Location
- Country: India
- Metropolitan: Thiruvananthapuram, Kerala, India

Statistics
- Parishes: 217

Information
- Denomination: Catholic Church
- Sui iuris church: Syro-Malankara Catholic Church
- Rite: Syro-Malankara Rite
- Established: 1932
- Cathedral: Cathedral of Saint Mary, Pattom
- Patron saint: Saint Peter

Current leadership
- Pope: Leo XIV
- Major Archbishop: Baselios Cardinal Cleemis Catholicos
- Auxiliary Bishops: Yoohanon Alexios Kuttiyil

Website
- catholicate.net

= Major Archeparchy of Trivandrum =

Eastern Catholic archeparchy in Kerala, India

The Major Archeparchy of Trivandrum is a Syro-Malankara Catholic Church ecclesiastical territory or major archeparchy of the Catholic Church in Thiruvananthapuram, India. Baselios Cleemis, the Major Archbishop-Catholicos of the Syro-Malankara Catholic Church, presides over the as of 2020. The cathedra is at Cathedral of Saint Mary, Pattom, Trivandrum in Pattom, Thiruvananthapuram, Kerala. The Archeparchy of Trivandrum is a metropolitan see with five suffragan eparchies.

==History==
The Archeparchy of Trivandrum was erected in 1932. Its suffragan eparchies are Marthandom, Mavelikara, Pathanamthitta, Parassala and St. Ephrem of Khadki.

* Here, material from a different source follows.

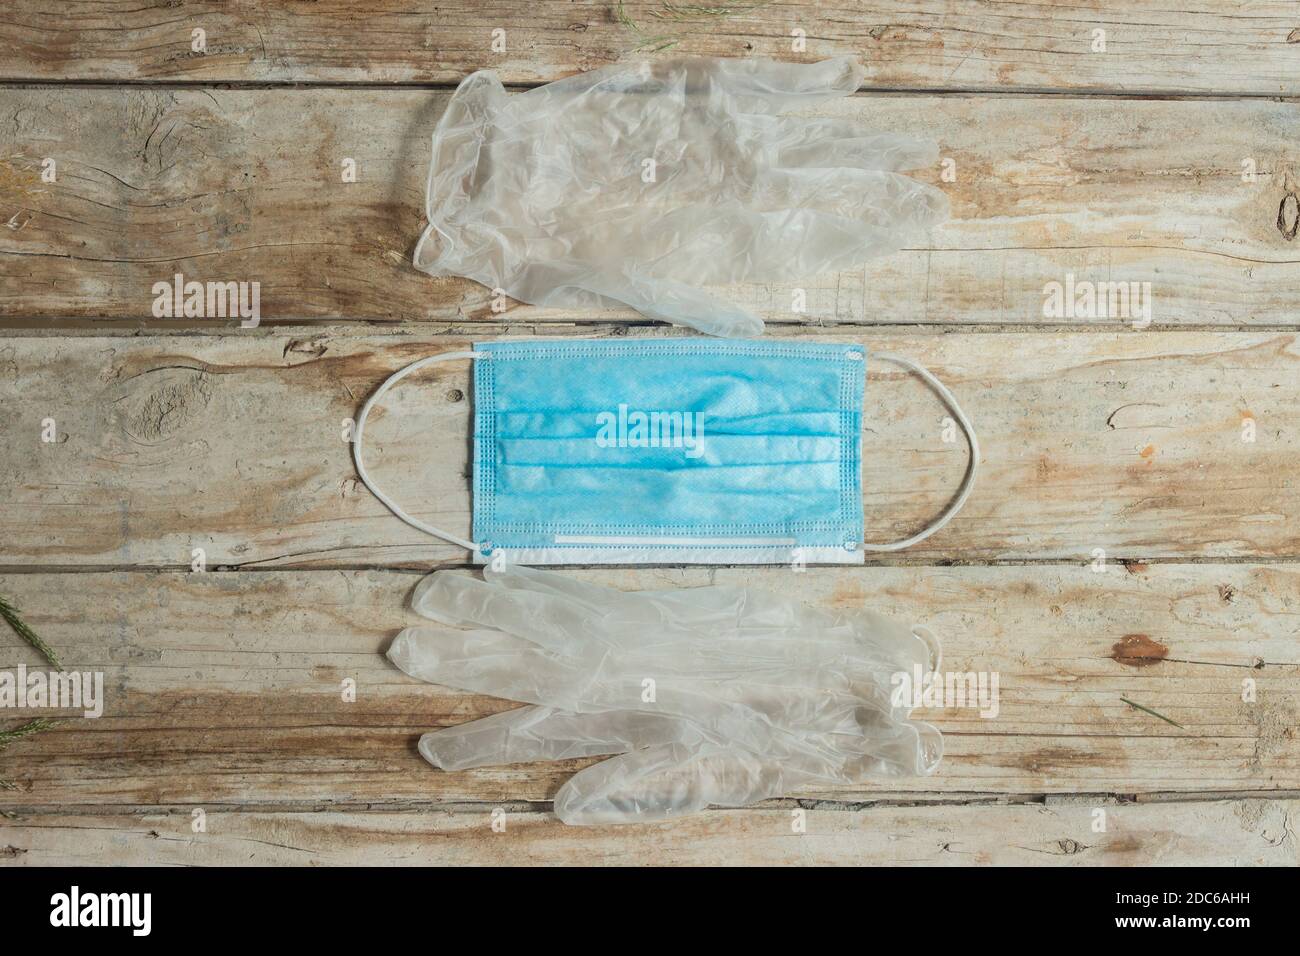 Two transparent plastic gloves and a surgical mask on a wooden table in the interior of a studio. Stock Photo

==Major Archbishop-Catholicos==
Baselios Cardinal Cleemis, Major Archbishop of Trivandrum and Catholicos of the Syro-Malankara Catholic Church, was elected Major Archbishop of Trivandrum in 2007.

==Statistics==
In 2020 the Archeparchy had an estimated 1,81,400 faithful, in 217 parishes, with 151 diocesan priests, 34 religious priests, 19 religious brothers, 642 religious sisters, and 89 seminarians.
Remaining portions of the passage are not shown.